Recently, nanoemulsions (NE) have gained interest in the field of pharmacy, cosmetics, food, and agrochemical industry as novel drug delivery systems that increase in the bioavailability of active agents [1]. The term "nanoemulsion" was first introduced by Nakajima et al. [2] and refers to the particle size of dispersed phase, which, according to various literature data, ranges from 20 up to 1000 nm. In comparison to microemulsions (ME), NEs are thermodynamically unstable and require lower concentrations of surfactant for their formation [3,4]. Taylor and Ottewill [5] presented the formation of NE by spontaneous emulsification through diluting an oil-in-water (O/W) ME for the first time, a process also termed a cold dilution, considered as a low energy method. As shown in Fig. 1, the molecular mechanism of this phenomenon involves the diffusion of co-surfactant molecules from the oil droplets into the water phase. In these conditions, the surfactant does not provide a low surface tension as a result of the decrease in concentration, the system is thermodynamically unstable, which appears in the formation of a nanoemulsion [3]. A further study on the dilution of MEs was conducted by Solè et al., which demonstrated that a single or multiple dilution of the O/W ME with water does not affect the final oil droplet size of the NE [6].

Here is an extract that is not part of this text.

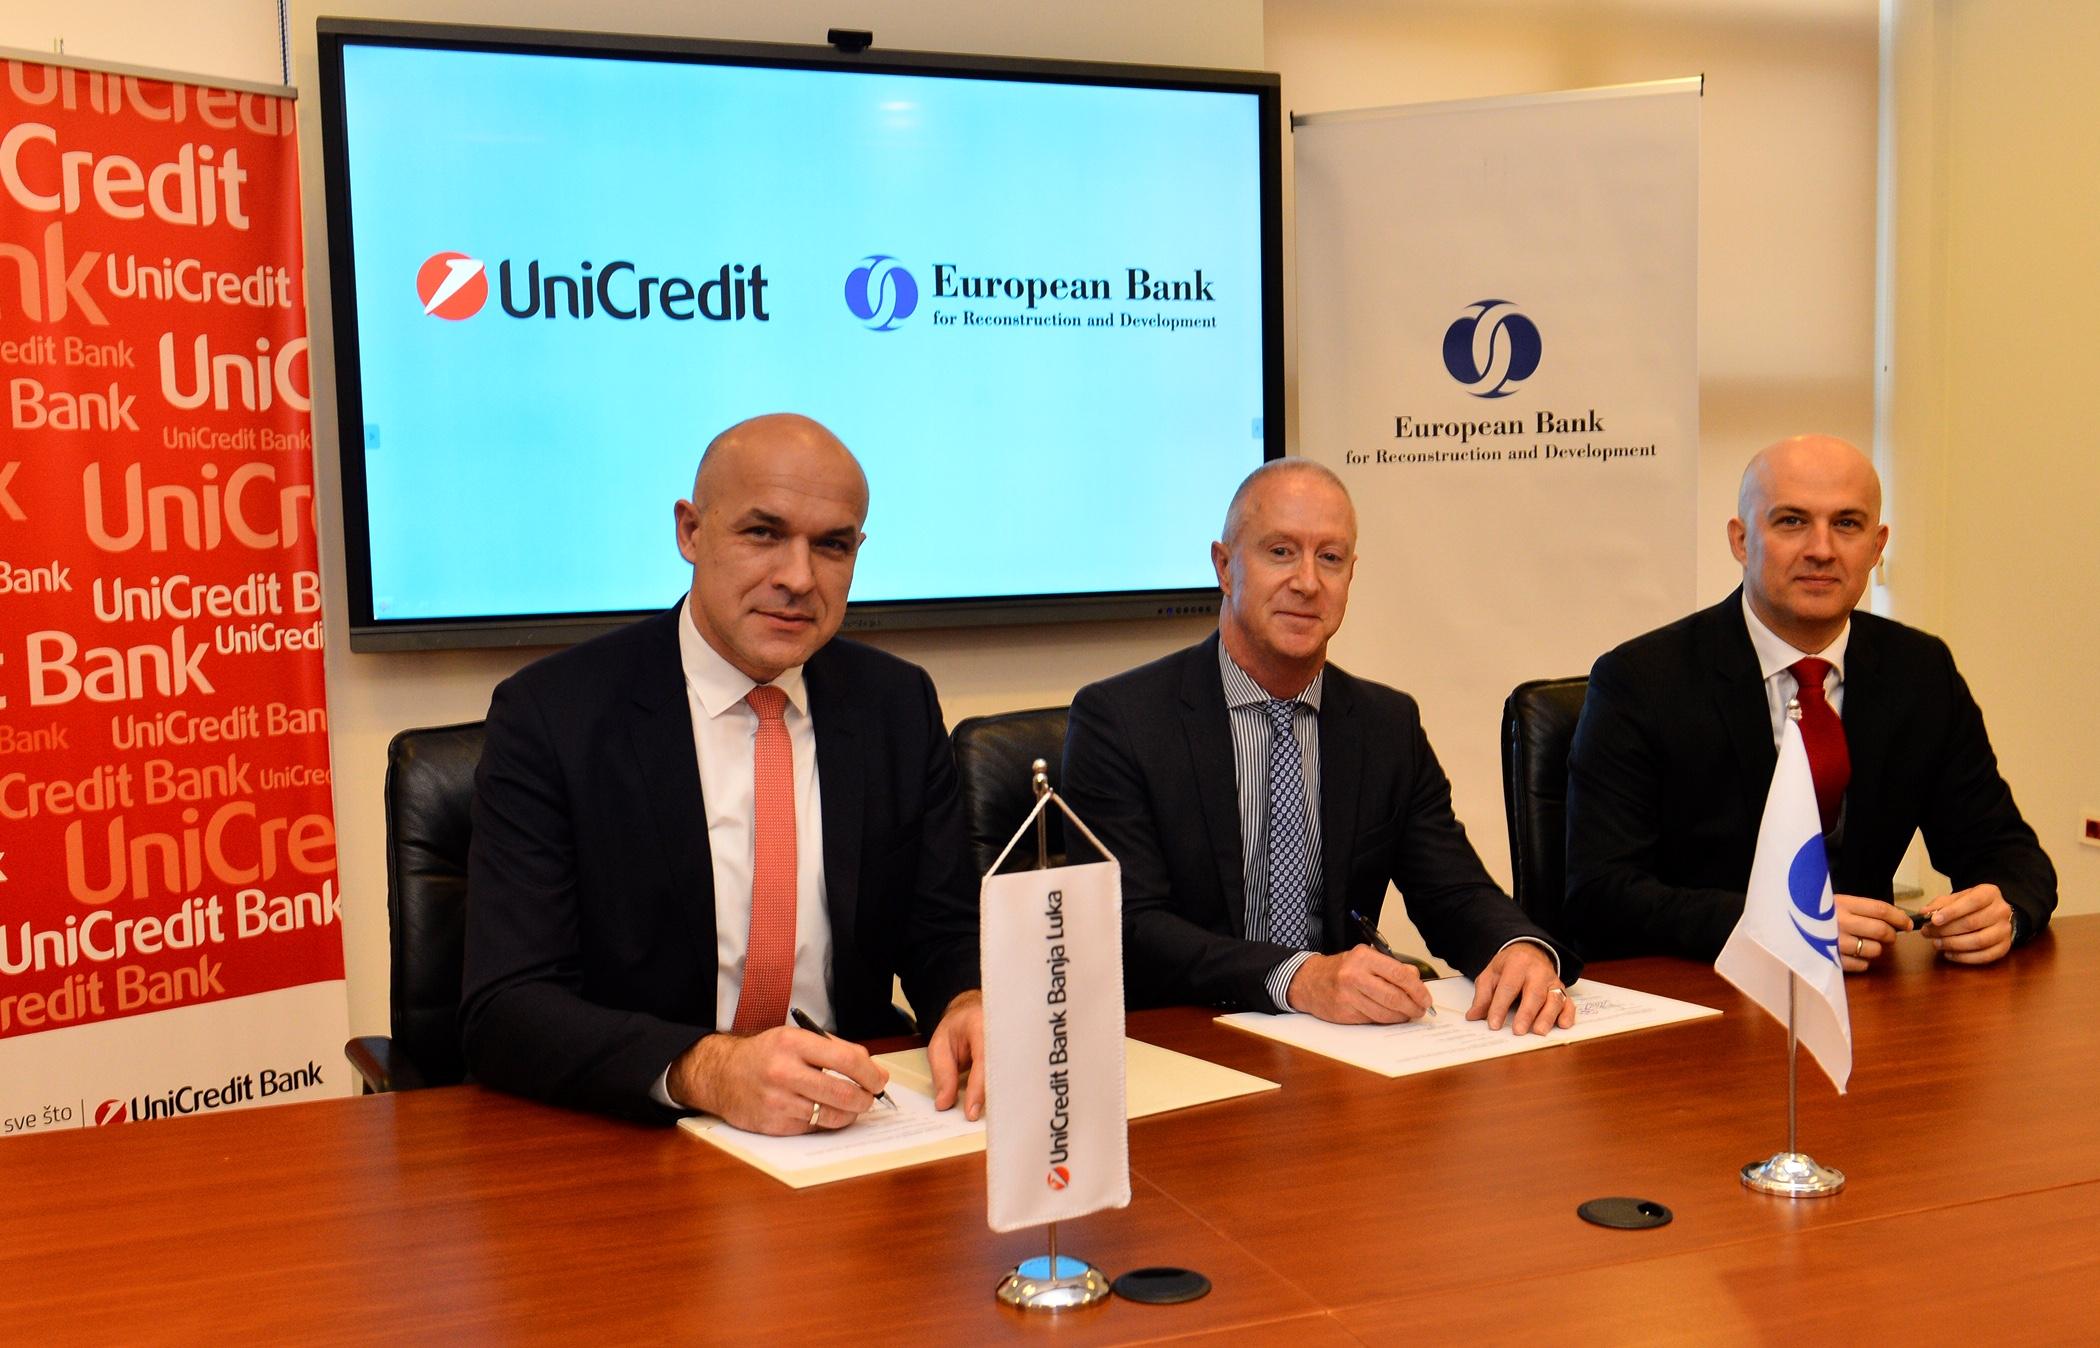 UniCredit u BiH i EBRD potpisali ugovor o posebnoj kreditnoj liniji za razvoj konkurentnosti malih i srednjih preduzeća

Microemulsion electrokinetic chromatography (MEEKC) is a well-known mode of electromigration technique [7], [8], [9], [10], in which the pseudostationary phase is the dispersed phase of the ME. Despite the higher resolution potential than capillary zone electrophoresis (CZE) and micellar electrokinetic chromatography (MEKC) techniques [11], [12], [13], on-line preconcentration methods in combination with O/W MEEKC have not been studied so far during the analysis of highly hydrophobic compounds (log P _O/W > 4). The development of a sample matrix (SM) for high log P _O/W compounds is problematical due to the instability of the ME to changes in composition between the sample and the separation buffer zone; samples with a high concentration of organic solvents can lead to ME collapse and current disturbance. For this reason, separations of hydrophobic compounds by O/W MEEKC technique are based on the matrices prepared by dissolving the samples with a background electrolyte (BGE). This can lead to the inability of the application of such sample matrices in combination with preconcentration techniques [14], [15], [16]. Another advantage of proposed method over CZE and MEKC separations is that MEs have significantly higher solubility potential as they function as versatile solvents, therefore complex matrices consisting of both hydrophobic and hydrophilic compounds, separated under MEEKC conditions are common in the literature [17], [18], [19], [20]. The development of new methods for the separation highly hydrophobic compounds due to the composition of the sample matrix, and the possibility of combining them with on-line preconcentration techniques will advance the progress in the field of capillary electromigration methods.

Here, the development of sample matrix composition based on O/W NE prepared by cold dilution of O/W ME with water (Fig. 1) as a sample matrix for highly hydrophobic compounds has been presented. The aim of the study was to demonstrate that the NE matrix ensures the solubility of highly hydrophobic analytes, while providing them with a sufficient electric charge for the electrokinetic injection (EKI). Secondly, due to the low conductivity of NE matrices, the possibility of applying preconcentration methods based on EKI in an enhanced electric field for hydrophobic compounds was investigated. The prepared NEs were verified by dynamic light scattering technique to measure the particle size distribution, and the concentration sensitivity enhancement factor has been determined for menaquinone-7 (VK2) as exemplary sample.